Justice Kabir said it was one of such “sickening” events happening almost daily all over the country, and that on the very day the newspapers were full of the Delhi event, a 10-year-old tribal girl had been gang-raped and murdered, the news being “tucked away in the inside pages”. The CJI asked plaintively: “Did she get any compensation? Did anybody bother about her?”
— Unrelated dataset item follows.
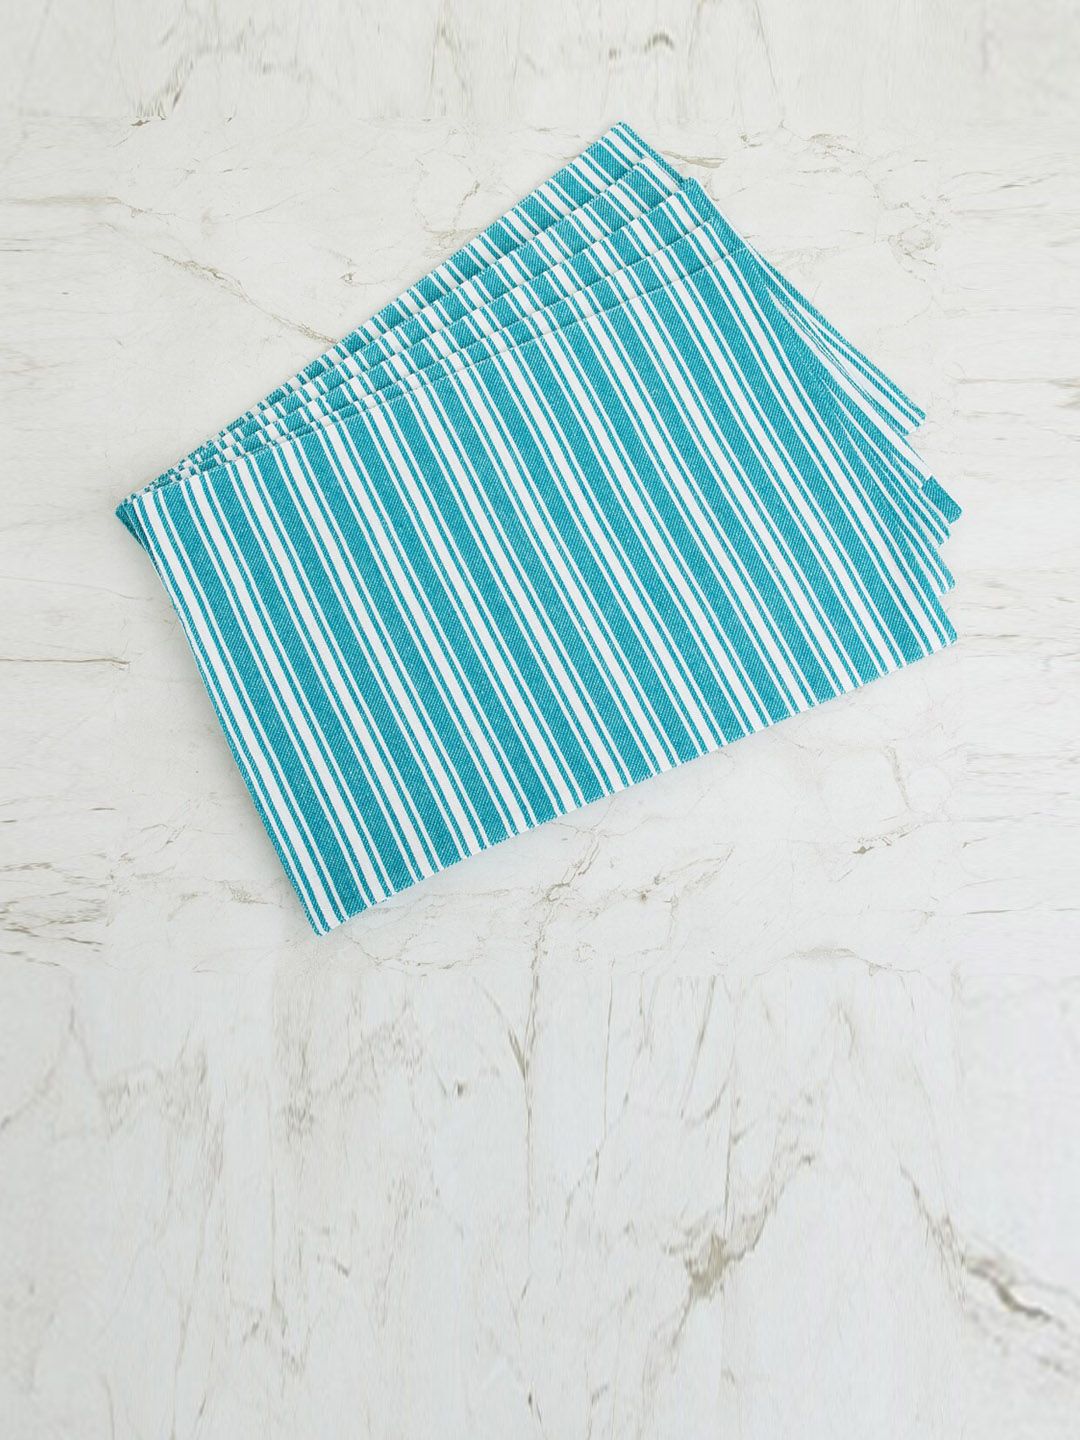 Home Centre Set Of 6 Blue & White Striped Table Placemats Price in India

The point here is: how do you go about cleansing Indian society of the scourge of treating women, as the CJI said, as “an object of desire”? Society certainly has to be taken by the scruff of its neck and shown what is right and what is wrong, the limiting factor, however, being that the “rule of law” has to be maintained. As the CJI said: “If we are to live in a democracy, which is governed by the rule of law, we have to go by the law”. The important message he had for judges and judicial officers was that they would have to uphold the rule of law and that, consequently, there should be no “knee-jerk reaction” and that “permanent solutions must be carved out”.

India looks to its youth

To shift the canvas from the specific to the general, how does the nation go about ridding ailments as basic as the diseased view of the woman’s place in our society, and corruption, generally? As far as the law’s interpretation is concerned, it is the job of the judiciary; its implementation is the job of the police; that of politicians is to frame the laws with only the best interests of the nation at heart and in the mind. But what is the public perception of the different arms of the Indian State at this juncture of the republic’s history? Are people happy with the state of affairs as regards the probity of the different actors referred to above?

Is there room for improvement in the standards employed by the judiciary, the police, the executive generally, and the politicians in performing their allotted functions? If there is, who is to judge what exactly is wrong and what needs to be done to improve the existing state of affairs? Returning to the CJI’s analogy, who is to take Indian society by the scruff of its neck and carve out a “permanent solution”? A tainted hand cannot always get the best result while performing such an important job.

Certainly, the work has to be begun by the existing institutions, but the leadership role has to be performed by a section of Indian society which still remains untouched by the ills and vices engendered by power and wheeling-dealing. It is the young on whom the mantle must fall to guide our society into the right channels.